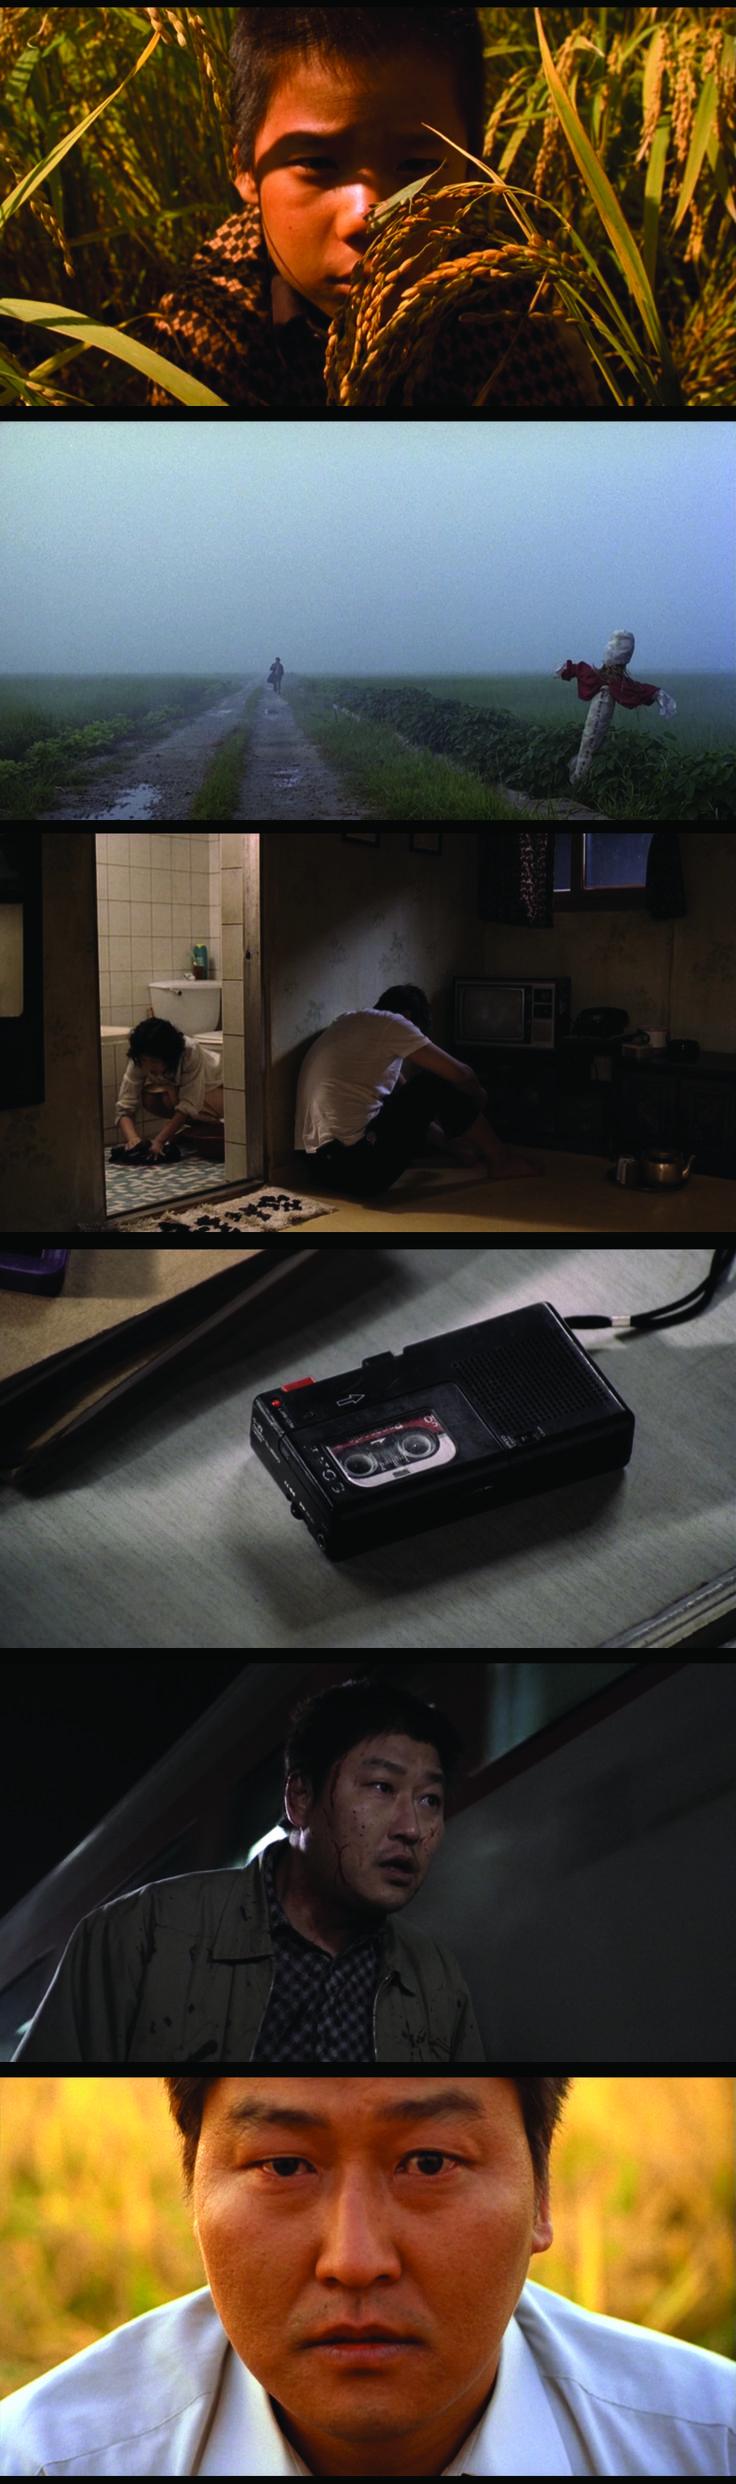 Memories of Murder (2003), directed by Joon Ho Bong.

──────────────────────────────

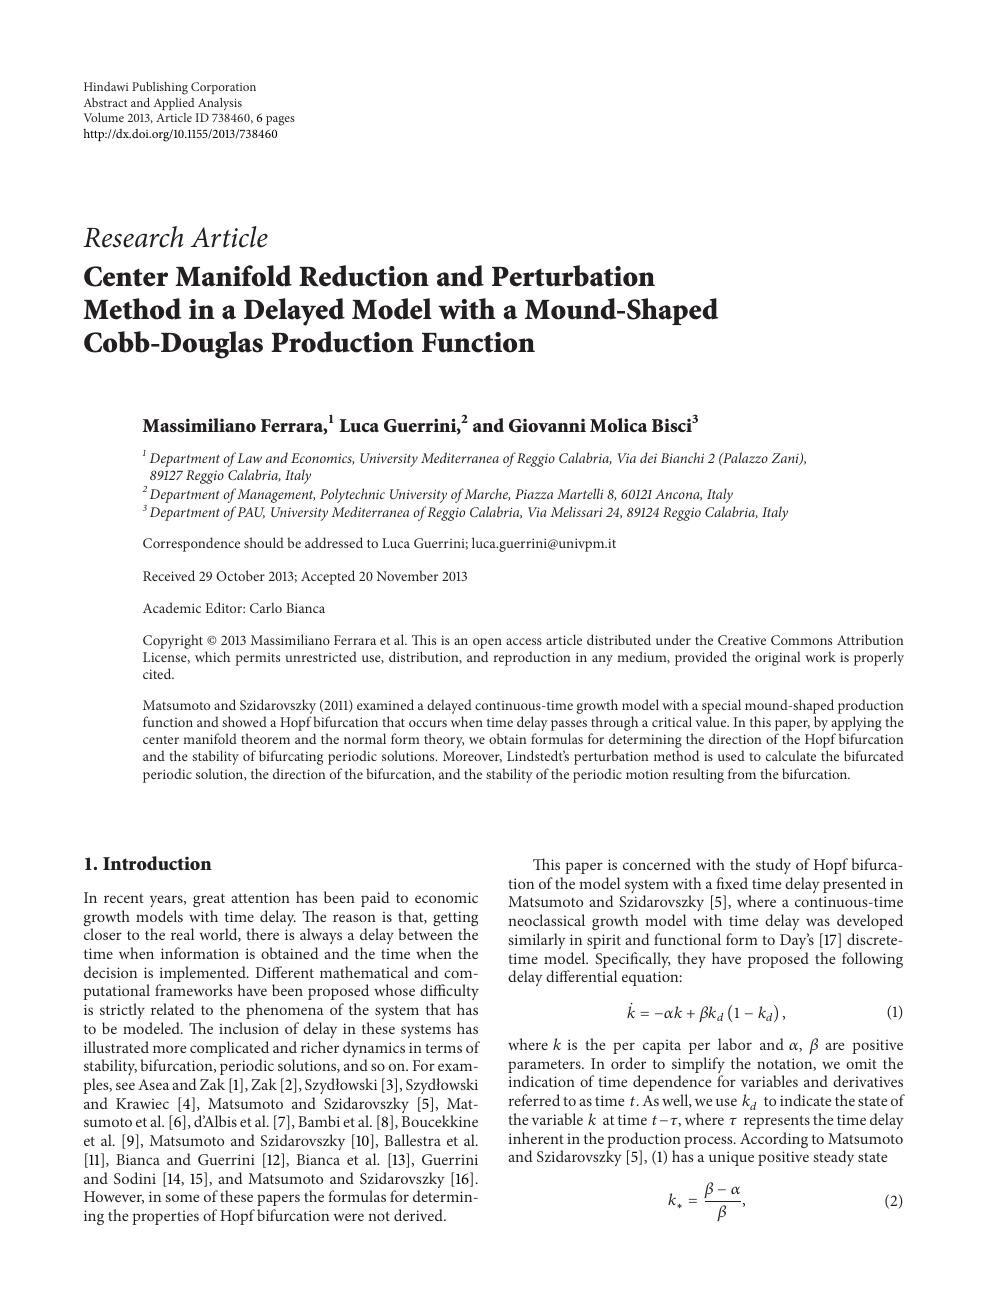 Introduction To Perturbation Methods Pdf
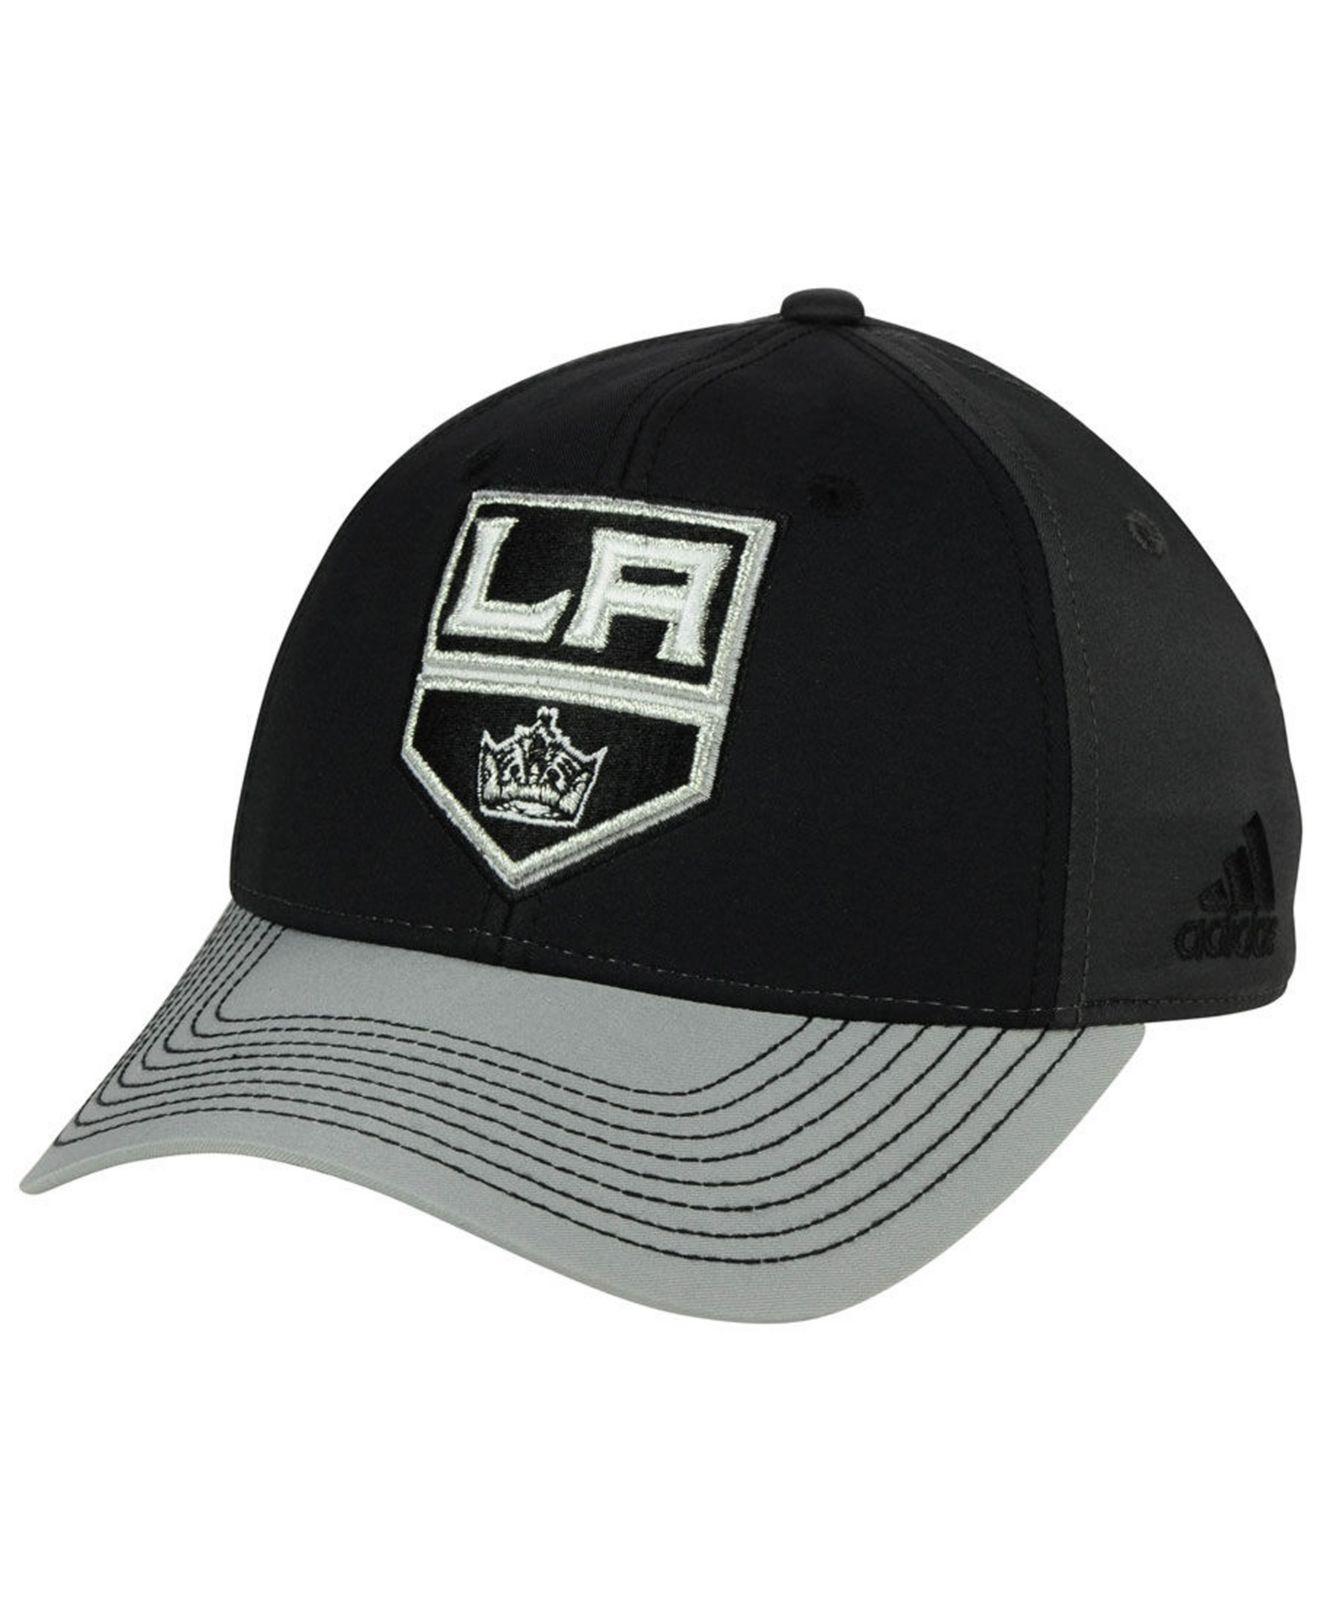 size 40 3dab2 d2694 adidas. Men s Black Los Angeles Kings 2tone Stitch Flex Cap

──────────────────────────────

REQUIRED ACTION: Give again the lines of the listing above that run from the one with "Introduction To Perturbation Methods Pdf" up to and including the one with "size 40 3dab2". Keep them exact and omit the pictures.

RESULT OF THE EXERCISE:
 Introduction To Perturbation Methods Pdf
 size 40 3dab2 d2694 adidas. Men s Black Los Angeles Kings 2tone Stitch Flex Cap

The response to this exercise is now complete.